As a result, as shown in FIG. 1, 50. Mu.M of compound (I-1) (P < 0.01), (I-2) (P < 0.01), (I-3) (P < 0.001), (I-4) (P < 0.01), (I-5) (P < 0.001), (I-6) (P < 0.001) was statistically stronger in the antioxidant capacity against the free radical than the positive control VC (52.19.+ -. 1.90. Mu.M TE/g DW) of the same concentration, wherein compound (I-1) (80.16.+ -. 2.73. Mu.M TE/g DW) was the most potent.

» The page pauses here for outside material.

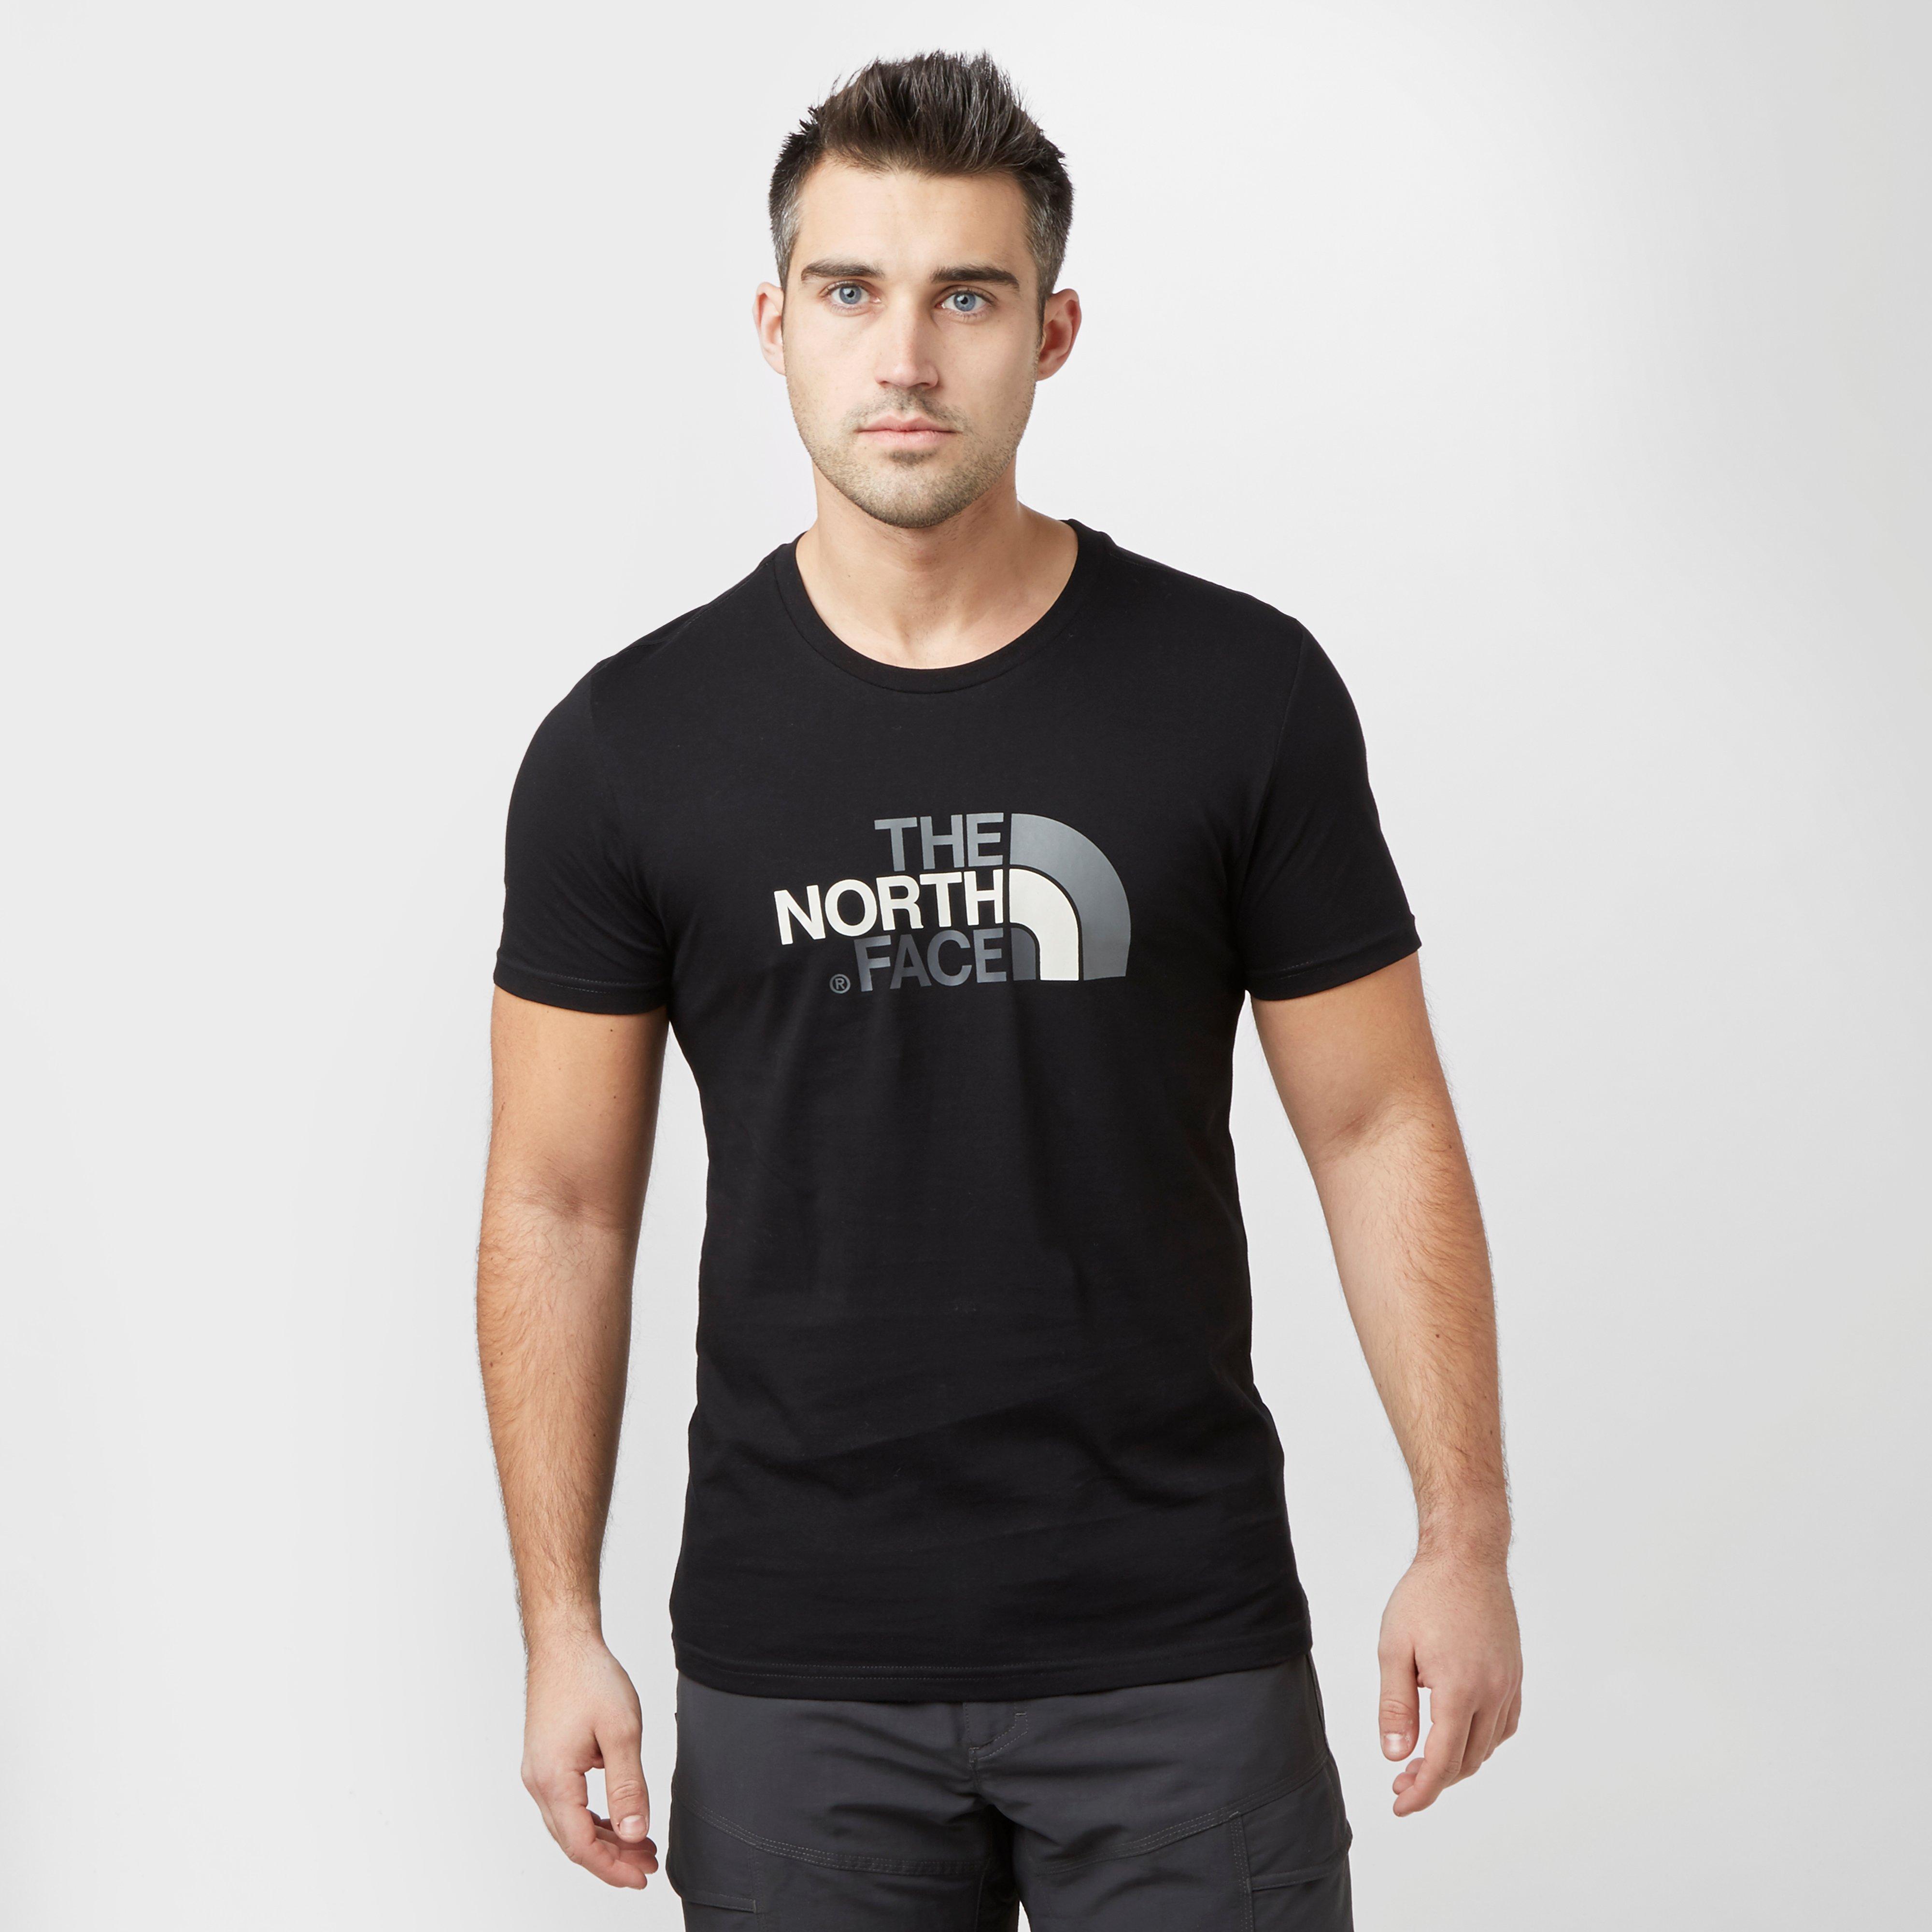 north face mens shirt

Further, the concentration of the antioxidant activity of the compound (I-1) was studied, and as a result, as shown in FIG. 2, in the in vitro antioxidant activity test, the scavenging ability of 20. Mu.M of the compound (I-1) (262.81.+ -. 2.55. Mu.M TE/g DW) to oxygen radicals was strongest compared to 20. Mu.M of VC (24.42.+ -. 2.78. Mu.M TE/g DW), and thus the concentration range in the in vivo experiment was between 5. Mu.M and 40. Mu.M.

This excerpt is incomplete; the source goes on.